# Rustic Staircase.



## Big Dave (Sep 16, 2006)

I don't post many pictures anymore because we do so much of the same thing over and over you'll get the feeling that once you've seen one you've seen them all.

This project was a little different. This is the 3rd staircase like this that we've done. Most people don't want to pay but this customer wanted it and after searching and pricing we won the bid and just finished the bulk of it yesterday. We have to go back on Monday and plug the holes, load tools, clean up and haul everything home. 

I hope you enjoy the progress pics.


----------



## smitty1967 (Feb 24, 2008)

Dave: that is amazing work! I like the way the stair wraps around the jut-out towards the bottom. You know, in alot of new construction I see--around my parts, anyway--architecture is weak, design is p!ss-poor, and boxes are being thrown together for as little money and effort as possible in the name of selling houses. These pictures are the antithesis of that trend....a great looking project with great style and craftsmenship. Good on you!

smitty


----------



## Terry Beeson (May 29, 2008)

Very nice work. I agree with Smitty about the weak architecture in today's homes. It's a treat to see good work like this.


----------



## moneymgmt (May 7, 2008)

ok, I'm dying to know... ballpark me the cost of that! What did you use for stringers and rough framing? If I had to guess I'd say 3x10's; are they one piece or glued up? It looks awesome, I think my house would fit in their greatroom.


----------



## Big Dave (Sep 16, 2006)

moneymgmt said:


> ok, I'm dying to know... ballpark me the cost of that! What did you use for stringers and rough framing? If I had to guess I'd say 3x10's; are they one piece or glued up? It looks awesome, I think my house would fit in their greatroom.


 
Stringers are 4x12's. The steps are also 4x12's. One piece lumber throughout.

Ballpark price is $10,000.00, labor and materials.


----------



## KJWoodworking (Feb 15, 2008)

Good looking staircase.

Looking at your other work, you are a serious woodworker.

I checked out your site and the work you've done in those homes is beautiful. 

I love the rustic look and am wanting to move to a cabin in TN.

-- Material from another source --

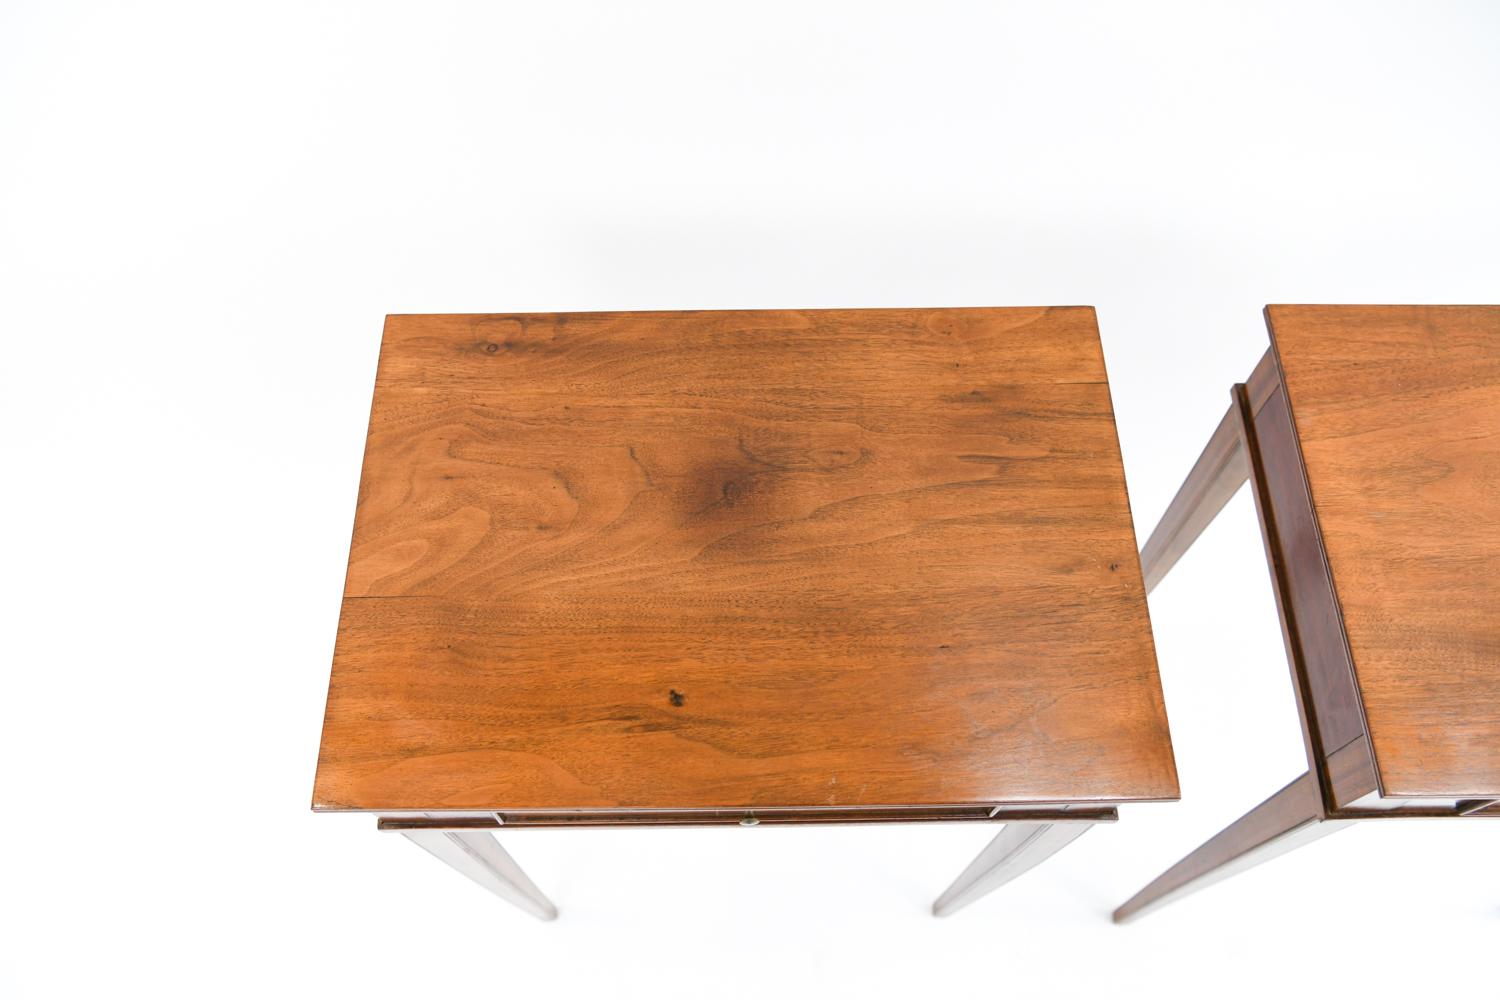 This pair of mahogany nightstands by Frits Henningsen sits on the line between traditional and modern Danish design. This transitional period, circa 1940s, is embodied by the iconic designer Frits Henningsen. These side tables or nightstands have
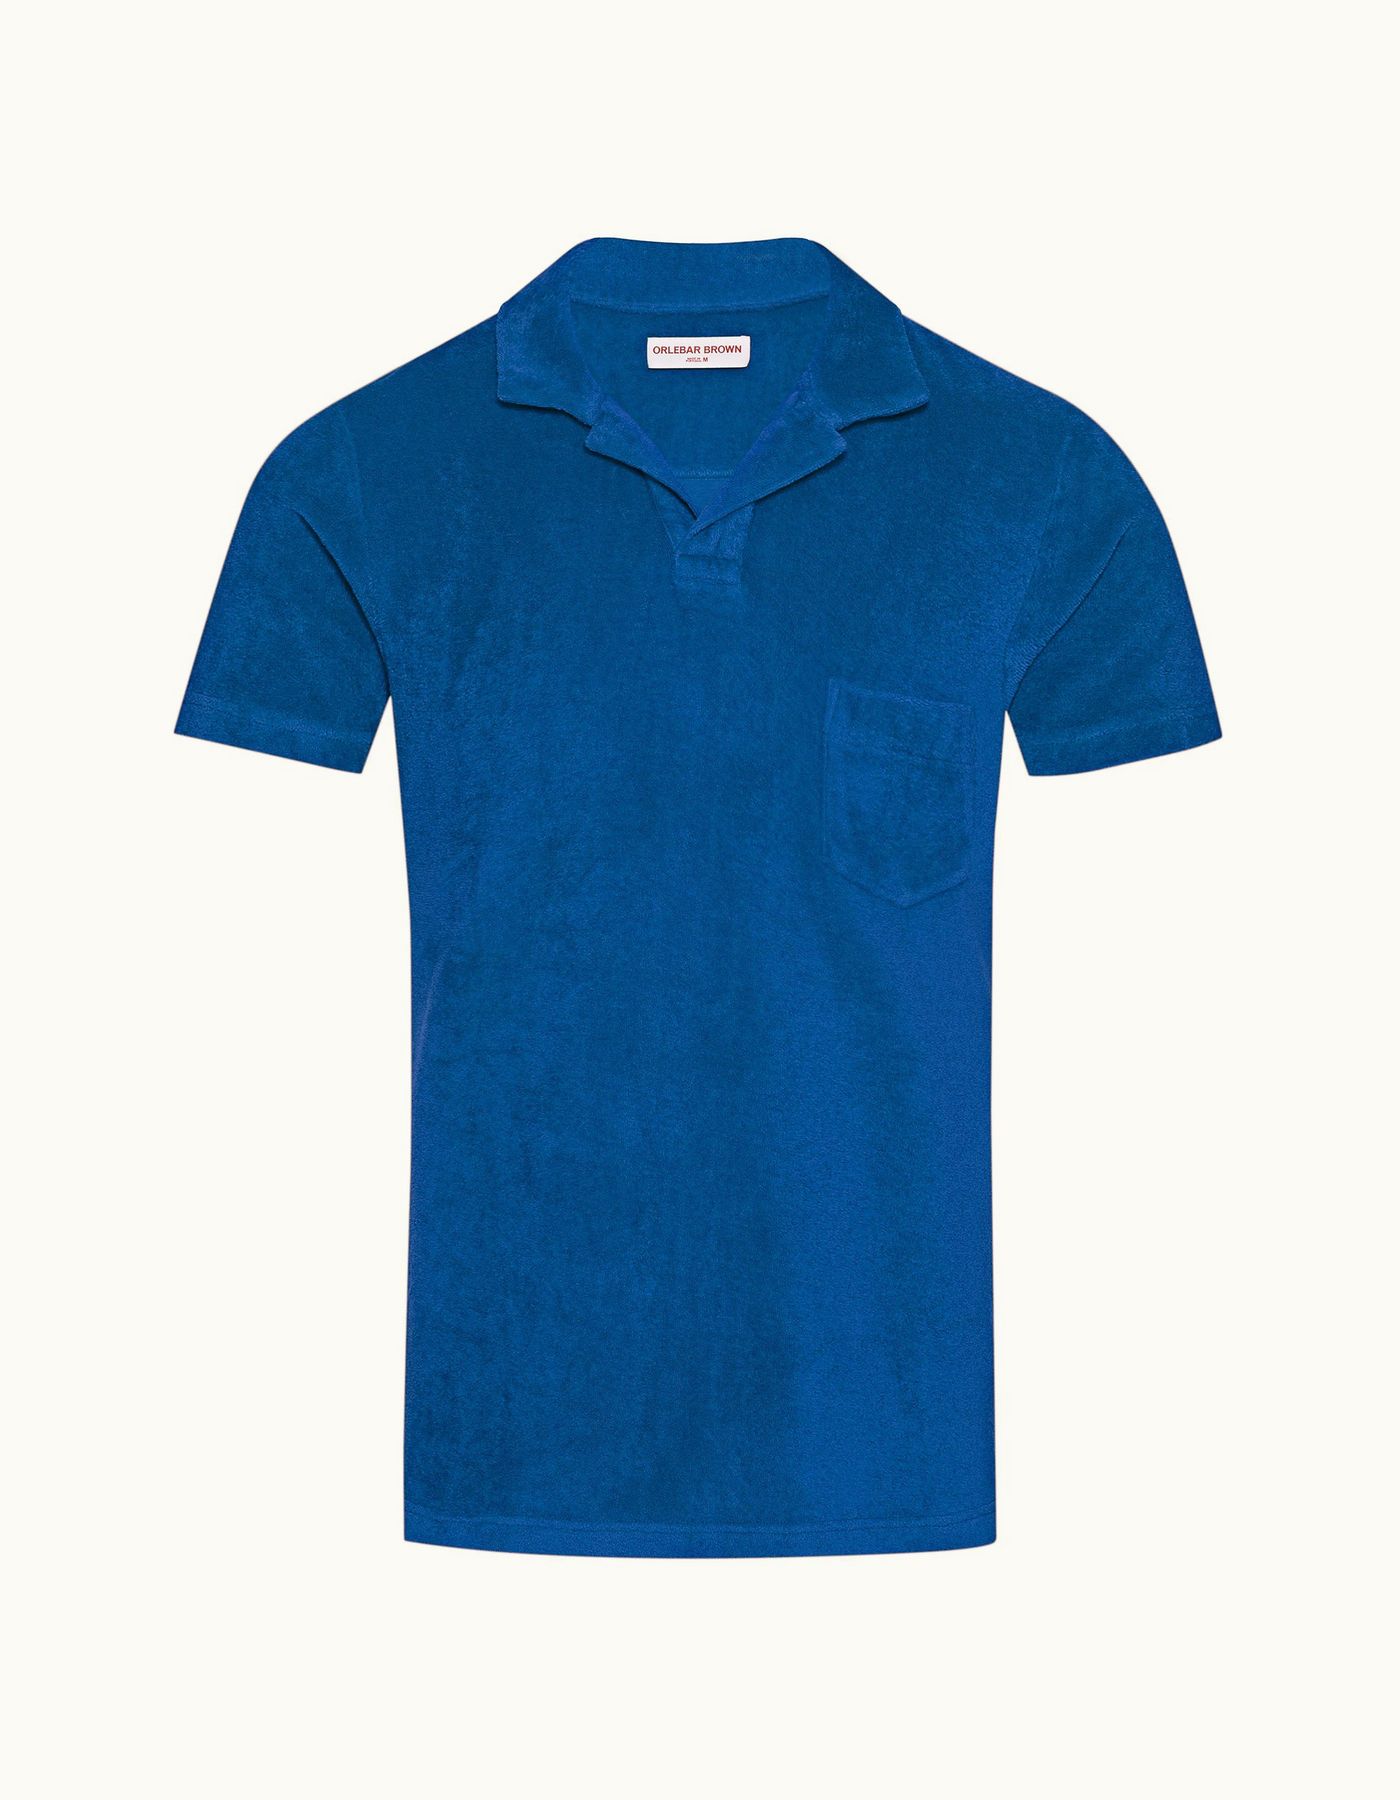 Terry Towelling - Mens Signal Blue Tailored Fit Towelling Resort Polo Shirt

Right now I live in what has to be the most backassward town in the US. Everyone here thinks it's 1980. Most people here are having a fit about the rabbit ears on their black and white tvs not working in 2009 with the digital switch.


----------



## TS3660 (Mar 4, 2008)

Simply awesome. Very nice.


----------



## Big Dave (Sep 16, 2006)

Thanks for the compliments everyone. Jobs like this are why I became a woodworker.


----------



## cranbrook2 (Oct 14, 2006)

Outstanding work once again Big Dave !!! :thumbsup: That is beautiful


----------



## JIMBETHYNAME (Nov 13, 2007)

Simply beautiful!


----------